The school’s curriculum focuses on the steps, but they also teach the related vocabulary, history and method of the dance. “That way, students learn more than just following our movements,” Kristina explains.

In addition to the traditional facets of dance instruction, she says our wired society has created new challenges. “We’re living in a very instant society with the Internet and social media. We have to teach them that there’s a process to learning something and doing it well.” However, the Internet has brought one invaluable resource for dance teachers – iTunes. “Now you just type in a genre and you find it.”

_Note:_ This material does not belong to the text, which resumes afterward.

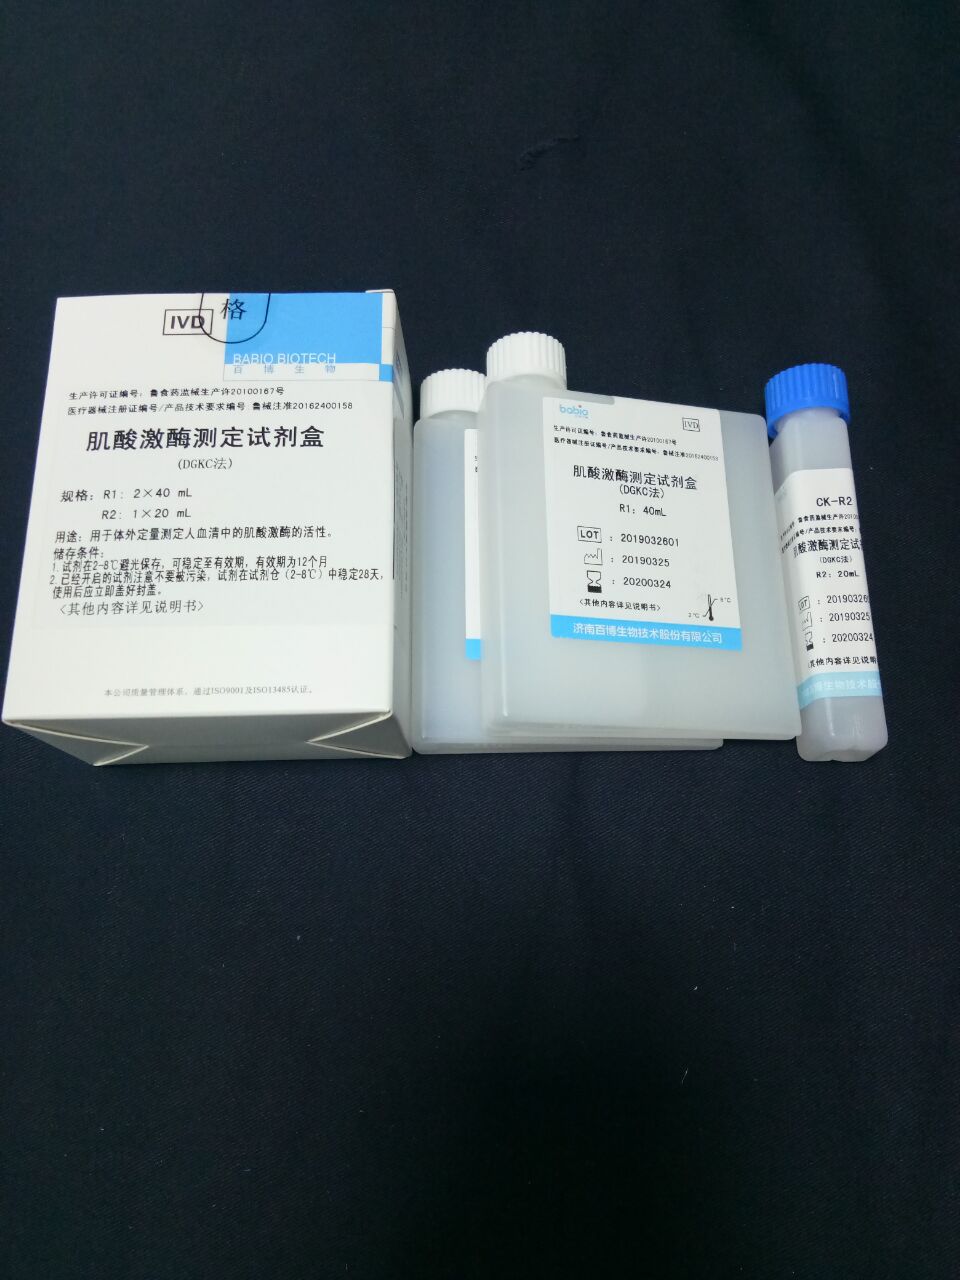 【百博】肌酸激酶测定试剂盒(DGKC法)

Kristina has been a member of CNADM since 2000. She earned her CDE in 2003 and her MDE in 2005. She’s a strong believer in the organization as a place for educators to feel welcome and learn techniques to make their studios their best. “I’ve met a bunch of great people who’ve helped me greatly,” she says. “I do all I can to provide the same help for others.” In recent years, she has gotten involved in CNADM committee work and has been most instrumental in securing prizes for the President’s Welcome Party.

Her passion for helping others through the language of dance is as strong as ever. “Dance has helped me through a lot. And I want to pay it forward,” she states. “I’m so fulfilled in what I do, and I feel very fortunate that I have a career that I love. I’ve worked outside of the dance world, but with dance, you’re surrounded by those with the same passion, which makes it easy to do your job.”

CNADM congratulates Kristina, our well-deserving Member of the Year! We also extend heartfelt thanks for her years of service, and her passion for dance and all the ways it enriches those who pursue it.